O turbulento momento global abre uma gigantesca janela para produtos com valor agregado, como é o caso dos vinhos e espumantes gaúchos. Muitos países estão buscando diversificar suas fontes de importação para reduzir a dependência de grandes potências rivais. O Brasil, sendo um país neutro em muitos conflitos comerciais, pode se posicionar como uma opção viável. Em tempos de incerteza, os mercados de nicho de alta qualidade ganham destaque. Consumidores valorizam mais a origem, a autenticidade e a história dos produtos do que apenas o preço. Sempre lembrando que existe uma profunda diferença entre ter um nome de produto e ser uma marca.
A Serra Gaúcha, com destaque para Bento Gonçalves e Garibaldi, é considerada a 6ª melhor região do Novo Mundo (Américas, Oceania, África do Sul). Mesmo sabendo que, no Velho Mundo, temos no topo do ranking França, Espanha, Itália e Portugal, existe espaço para a qualidade dos vinhos e espumantes gaúchos. Não devemos nos contentar apenas com a conquista de prêmios internacionais e os rasgados elogios de críticos. É preciso conquistar as mesas dos melhores restaurantes do mundo, assim como estar presente nas gôndolas de supermercados de todo o planeta. Chegou a hora de dignificar, globalmente, o que produzimos aqui — como foi feito em Mendoza (Argentina).
A proposta de construir uma marca de “origem gaúcha” é extremamente estratégica, ainda que tardiamente oportuna. Apostar apenas em produção/produtos não é suficiente para conquistar a atenção do mercado. A preferência é impulsionada pelo binômio reputação + autoridade. Essa é a razão pela qual Alemanha, França e Itália estão permanentemente reforçando a percepção de valor das suas marcas de produtos — em várias categorias, especialmente automóveis. O Rio Grande do Sul tem dificuldade em acreditar que uma marca com conceito tem a capacidade de transformar produtos iguais em desiguais. São inúmeras — e urgentes — as vantagens competitivas de criar a marca de origem RS para nossos vinhos e espumantes.

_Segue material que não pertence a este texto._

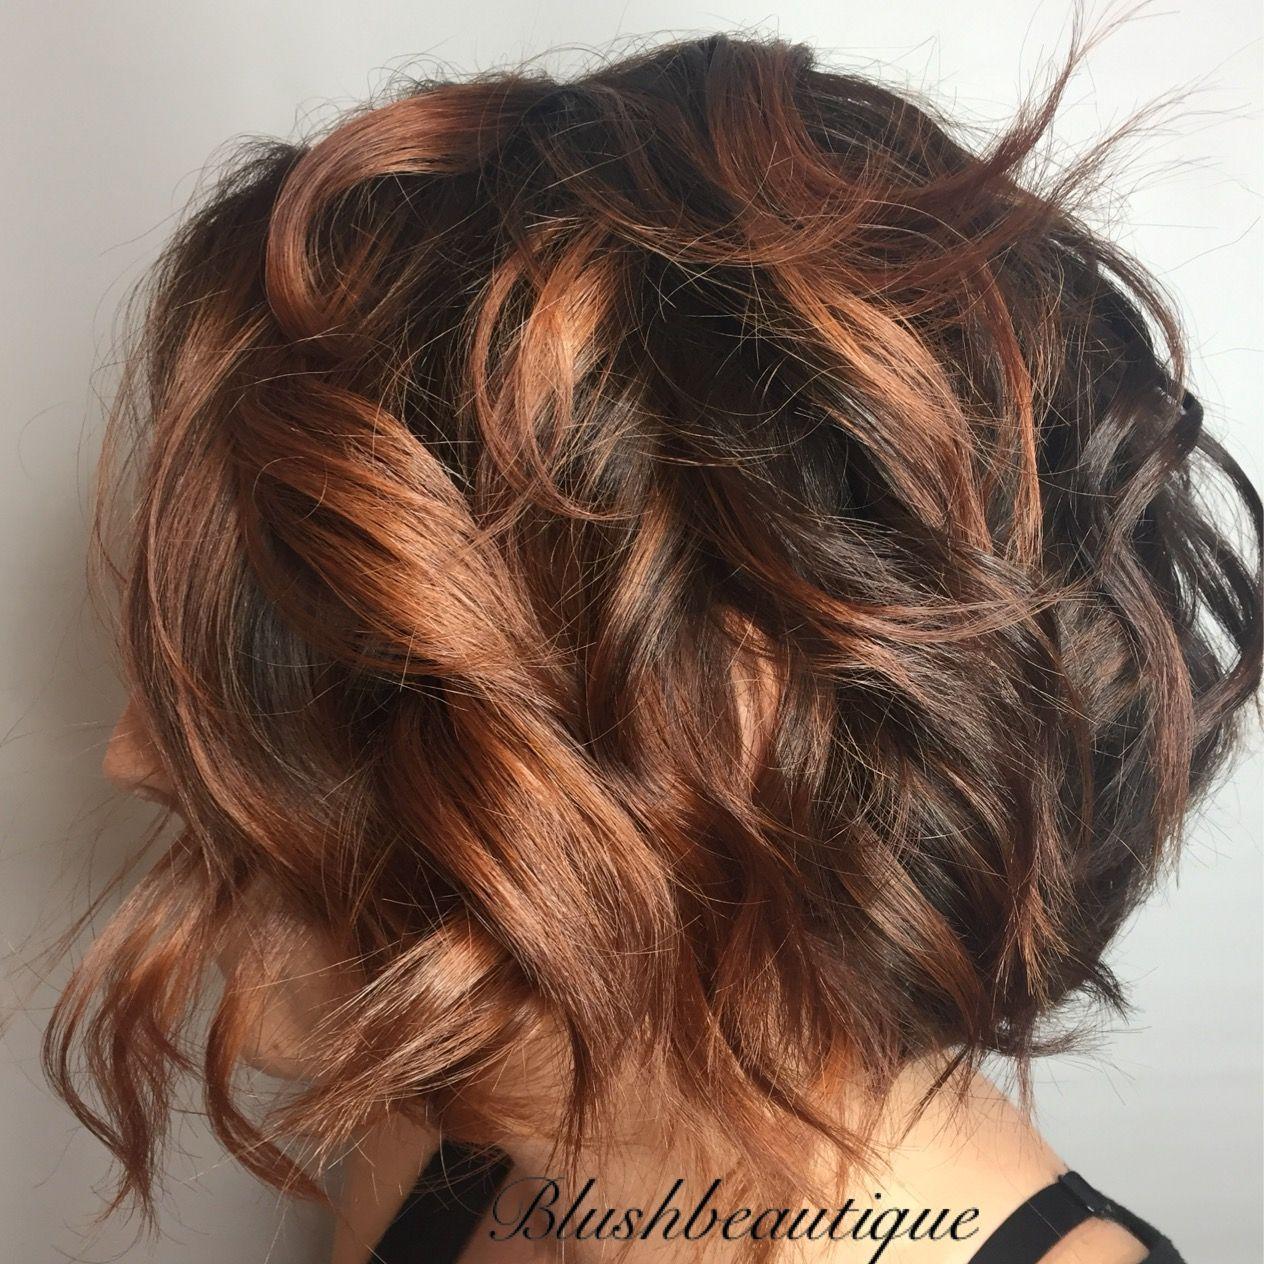 29++ 3d coiffure avis inspiration

Os passos práticos para isso acontecer passam por:
consolidar uma denominação de origem, sustentada por uma estratégia focada na construção de reconhecimento e reputação;
estabelecer uma aliança entre produtores, governo estadual e entidades de promoção do Brasil no exterior;
firmar parcerias com veículos de comunicação nos diferentes países, para que reforcem, com o peso da opinião editorial, a qualidade do que é produzido no RS.
O sucesso em marketing é balizado por dois elementos centrais: estratégia e conceito — tendo como consequência uma maior assertividade na construção do posicionamento, da estética e do storytelling. Não podemos, por outro lado, abrir mão da recomendação de sommeliers, chefs e influenciadores digitais. Da mesma forma, é ponto de inflexão ter uma estratégia de distribuição efetiva que garanta a presença dos vinhos e espumantes gaúchos em pontos charmosos que atendam às classes A e B.
Tudo conta. Tudo é conceitualmente estratégico. O ponto de inflexão está na consciência do setor em buscar parceiros e profissionais competentes para desempatar esse jogo. Se tudo o que foi feito até agora não construiu a esperada “marca de origem”, está na hora de rever e identificar quem tem capacidade real para fazer diferente e contribuir para o salto rumo ao sucesso.